Groundbreaking CVM algorithm solves more than 40 years of counting problems! Computer scientist flips coin to figure out unique word for 'Hamlet'-AI-php.cn

Groundbreaking CVM algorithm solves more than 40 years of counting problems! Computer scientist flips coin to figure out unique word for 'Hamlet'

王林

Jun 07, 2024 pm 03:44 PM

aialgorithmmath

Counting sounds simple, but it is very difficult to implement in practice.

Imagine that you are sent to a pristine tropical rainforest to conduct a wildlife census. Whenever you see an animal, take a photo.

Digital cameras only record the total number of animals tracked, but if you are interested in the number of unique animals, there is no statistics.

So, what is the best way to obtain this unique animal population?

At this point, you must say, start counting from now on, and finally compare each new species from the photo to the list.

However, this common counting method is sometimes not suitable for information amounts up to billions of entries.

Computer scientists from the Indian Statistical Institute, UNL, and the National University of Singapore have proposed a new algorithm - CVM.

It can approximate the number of different entries in a long list, and only needs to remember a small number of entries.

Groundbreaking CVM algorithm solves more than 40 years of counting problems! Computer scientist flips coin to figure out unique word for Hamlet

##Paper address: https://arxiv.org/pdf/2301.10191

This algorithm works for any list in which an item appears one at a time, such as text in a speech, merchandise on a conveyor belt, or cars on the interstate.
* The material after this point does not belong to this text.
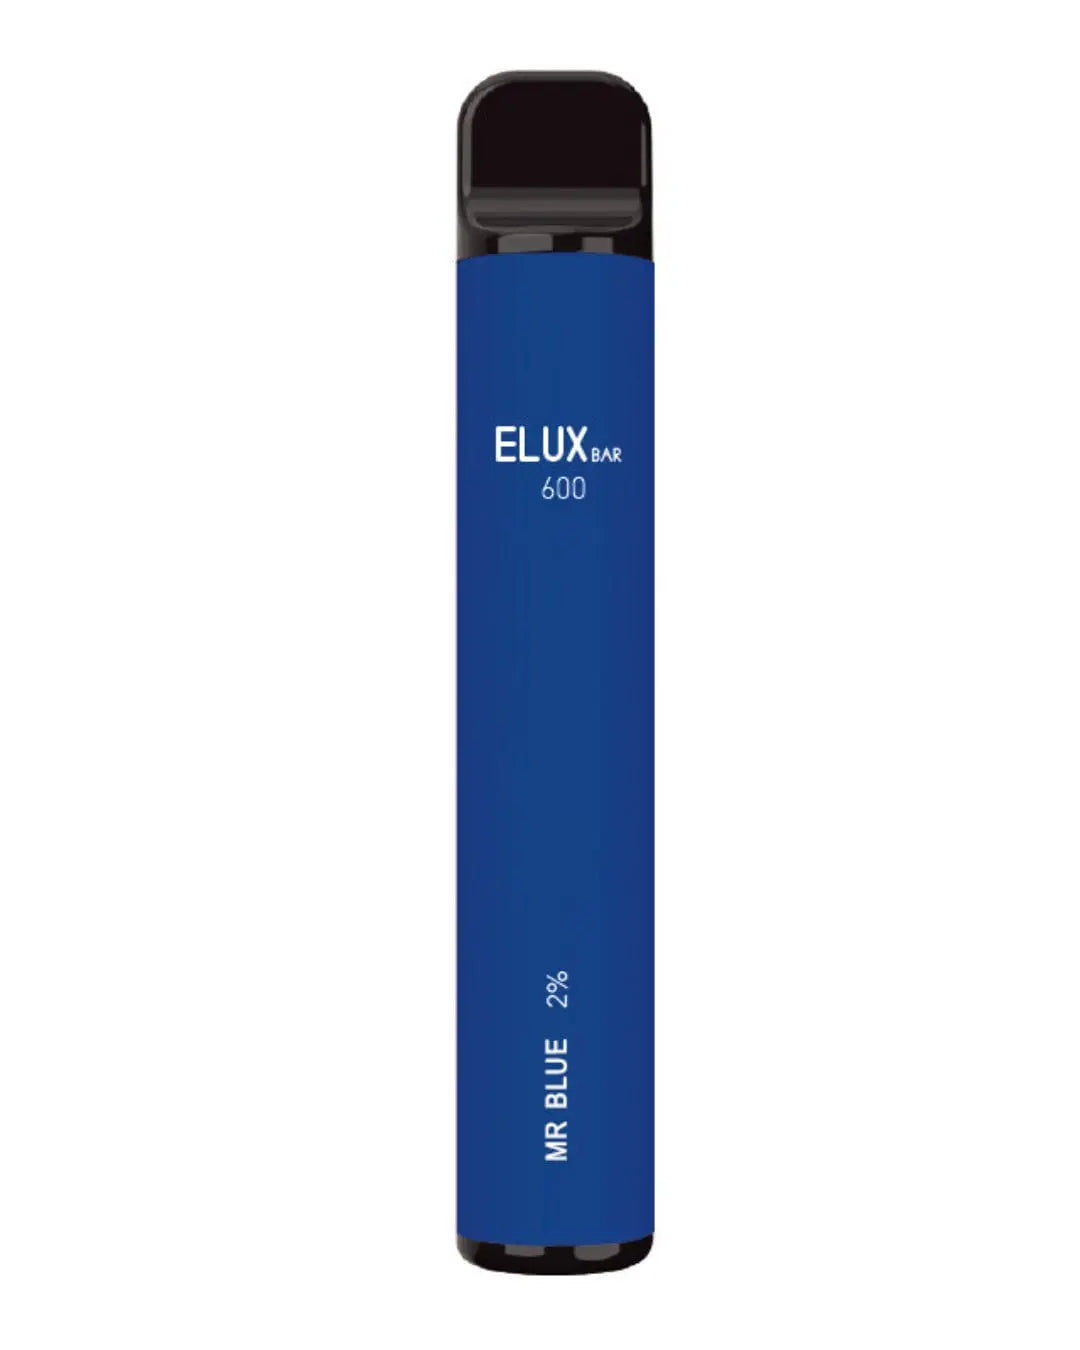 Elux Bar 600 Mr Blue Disposable Vapes

The CVM algorithm is named after the first letters of the three authors and has made significant progress in solving the "different elements problem".

This problem has troubled computer scientists for more than 40 years.
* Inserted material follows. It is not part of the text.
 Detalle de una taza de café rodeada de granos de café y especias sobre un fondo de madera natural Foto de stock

It requires an efficient way to monitor a stream of elements (the total number of which may exceed available memory) and estimate the number of unique elements in it.

So, how does the CVM algorithm solve the problem?

Pioneering CVM algorithm, the secret lies in "randomization"

Suppose you are listening to the audiobook of "Hamlet".

This drama has a total of 30,557 words. How many are different?

To find the answer, you can pause while listening and write each word in alphabetical order, then skip words already on the list, and finally, just count the list on each word count.

Groundbreaking CVM algorithm solves more than 40 years of counting problems! Computer scientist flips coin to figure out unique word for Hamlet

This method is feasible, but it tests one's "memory" too much.

Researcher Vinodchandran Variyam said, "In a typical data flow situation, there may be millions of items to track. You may not want to store all the information.

This is where cloud server algorithms can provide a simpler approach."

The trick is "randomization".

Groundbreaking CVM algorithm solves more than 40 years of counting problems! Computer scientist flips coin to figure out unique word for Hamlet

Vinodchandran Variyam helped invent a CVM algorithm for estimating the number of distinct elements in a data stream

How many unique words are there in "Hamlet"? Coin Flip Challenge

Go back to "Hamlet" and assume that your "effective memory" can only hold 100 words.

Once the audio starts playing, you write down the first 100 words you hear and skip any repeated words.

When you have finished recording 100 words, all that’s left is to toss a coin for each word –

Heads, keep word. If it is the reverse side, delete it.

After this preliminary round, you will be left with about 50 different words.

Now you continue with what the team calls Round 1, continuing to read Hamlet and adding new words.

If you encounter a word again that is already on the list, flip the coin again until you have 100 words in your memory whiteboard.

Then, roughly half of the words are randomly deleted again based on the results of 100 coin tosses. Round 1 ends here.

Next, enter the second round, Round 2.

Like the first round, we're going to increase the difficulty of a word - when you encounter a repeated word, flip the coin again.

The condition is, if it's the other side, delete it like before. But if it’s heads, flip the coin again. The word is retained only when it appears heads for the second time.

Once the memory board is full, end the round and then delete about half of the words again based on the 100 tosses.

In Round 3, you need to flip a coin heads three times in a row to retain a word.

In the fourth round, keep one word on the front four times in a row, and so on.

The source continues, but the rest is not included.